The reason I've fallen completely head over heels for her? Not because she's pretty and whitty and bright and amazing, or that she's the visible personification of absolute perfection. It's not that she's the ideal woman, although she very well may be, but that she's my ideal woman. As much as I find myself completely attracted to her in every way, including modes and extents that I never imagined before, every time I see her I get the feeling that she's just as attracted and head-over-heels for me, more than I even know. For the past month, she's spent every moment she possibly could with me, something I was, and wanted in return so badly, the first time. She seems to be every bit my companionate love, the one I've been writing about all these years. Do I want her to be the witness to my life? Yes, of course, I've always wanted that, from someone. The thing is, she's the first one I ever felt could actually become that person.

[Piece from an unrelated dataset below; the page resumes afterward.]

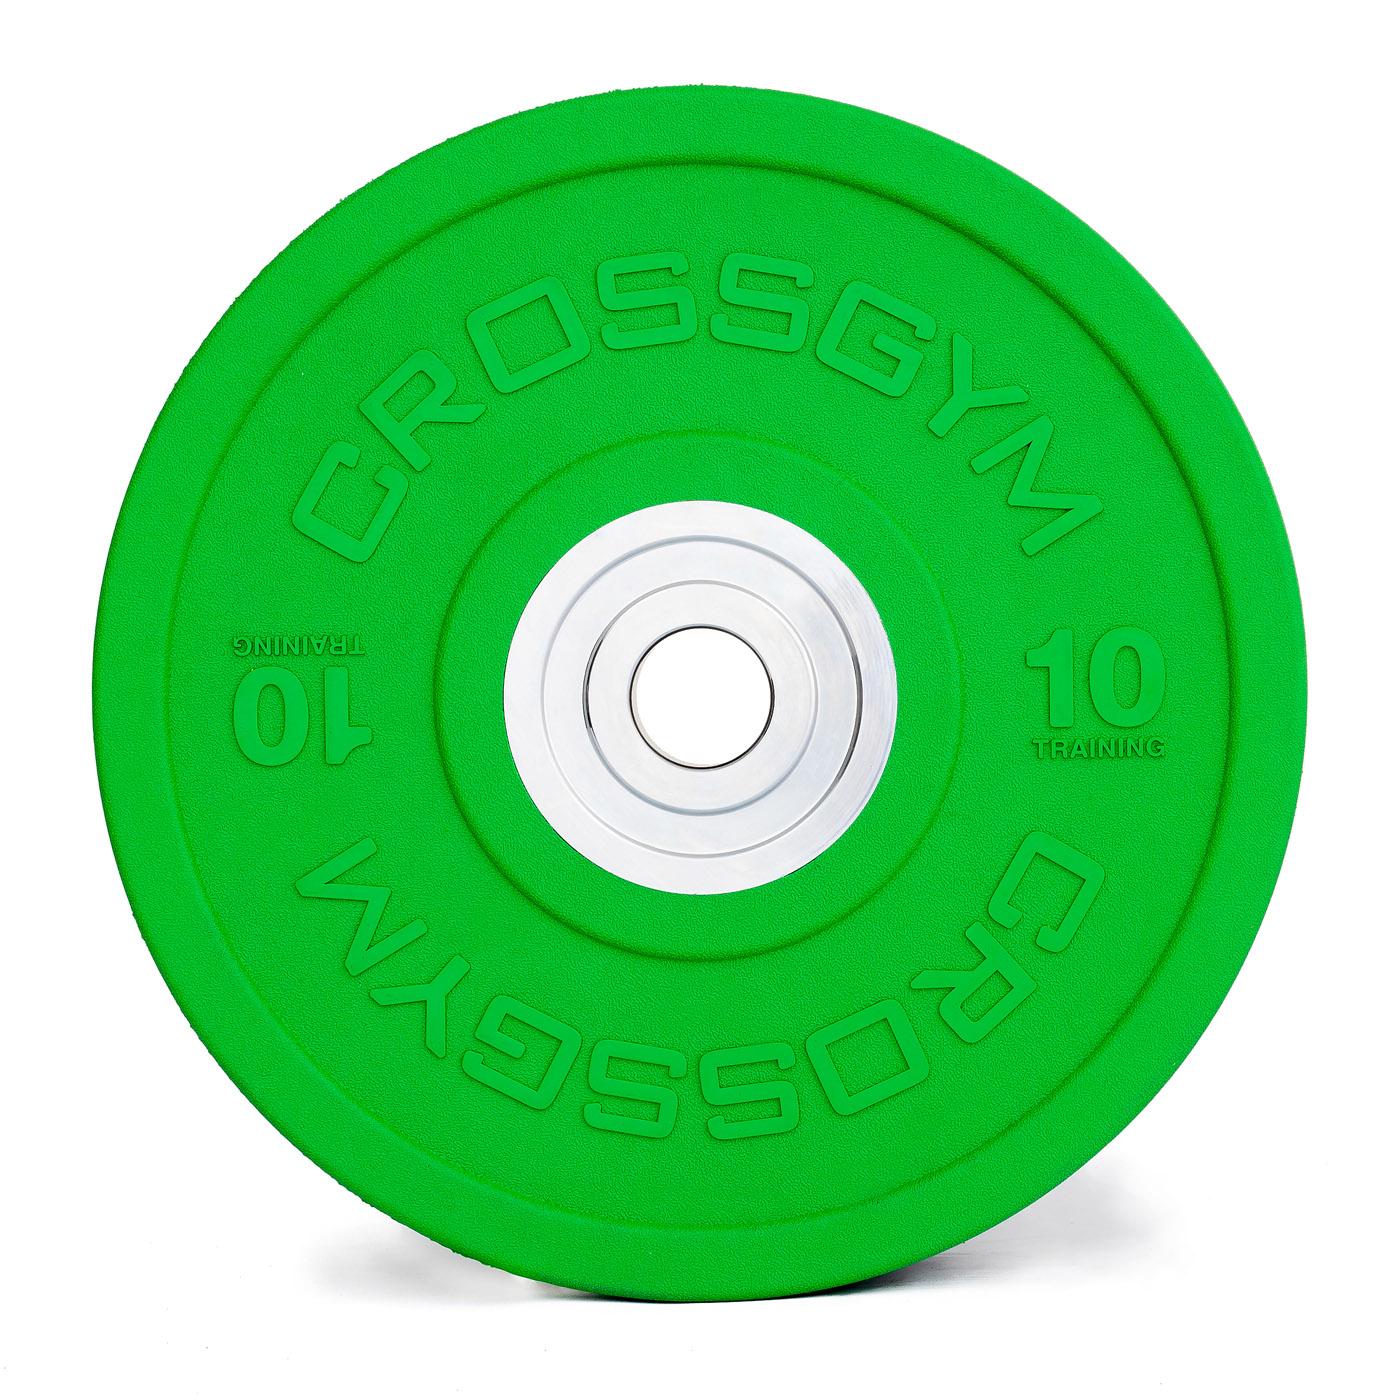 Kotouč Bumper Plate TRINFIT gumový 10 kg /50 mm CrossGym

And so perhaps, that's the reason I've been so at ease with all of the physical aspects. I've been waiting for marriage all this time, but in reality, marriage was an arbitrary level of commitment - to "know" that the person you're with, really is the one, and is going to be the one, forever. So what if you've met the one, and you're all set to decide that she's the one you want to be with, no matter what? Is it alright to go on with all of the physical aspects then? I don't see anything wrong with it.

Except maybe one thing. How she feels. I know what she'd told me, and I know everything that's happened these past few weeks. But the only person's true feelings I know are my own, at least for now. And while everything's fallen into place like the dream I dreamed, gave up on, and dared to dream again, realistically, it's been barely a month. A month to fall in love? It took me barely a week, and I'm sure she was taken aback and at least a bit doubtful when I said it.

Oh yes, I said it. And I mean it this time. :o) Mean it as in, I don't just love her, even if that's all that I told her then. She's the love of my life, and I know already she's the one I'd want to live every moment of the rest of my life with. I mean I love her because she's my favorite person in the world, the only one I'd ever want. And if there were an after, I don't know if I could live with anyone else at all. Because anyone else in the present, even to the love of your life in the distant, would always be second best.

So where does that leave me and my conundrum? Up until recently, I was still feeling the same way I had always felt. And I was nervous because I could feel myself getting drawn in, unable to resist or restrain myself, and yet, not knowing why. Did I suddenly lose all of my apprehensions, and that moral decency, when the opportunity presented itself? I think, perhaps, everything's the same as it's always been. The temptation and desire's been there, and with someone like her, how could it not? But paradoxically, it's that very thing - her forwardness, which has quashed all my apprehensions and worries. Even aside from the physical, she's been aggressively and passionately devoted, far more than I am. Dare I say, I've been one-upped in romanticism? The amazing thing is, she's made me secure and comfortable with all of it - every aspect of a relationship, every apprehension, and every bit that I ever used to worry myself over.

I don't know my answer, just yet. I have a feeling that it'll happen when it's meant to happen. For now, every tomorrow is a page yet to be written. And every today makes me more and more sure that this is the one book I never want to put down.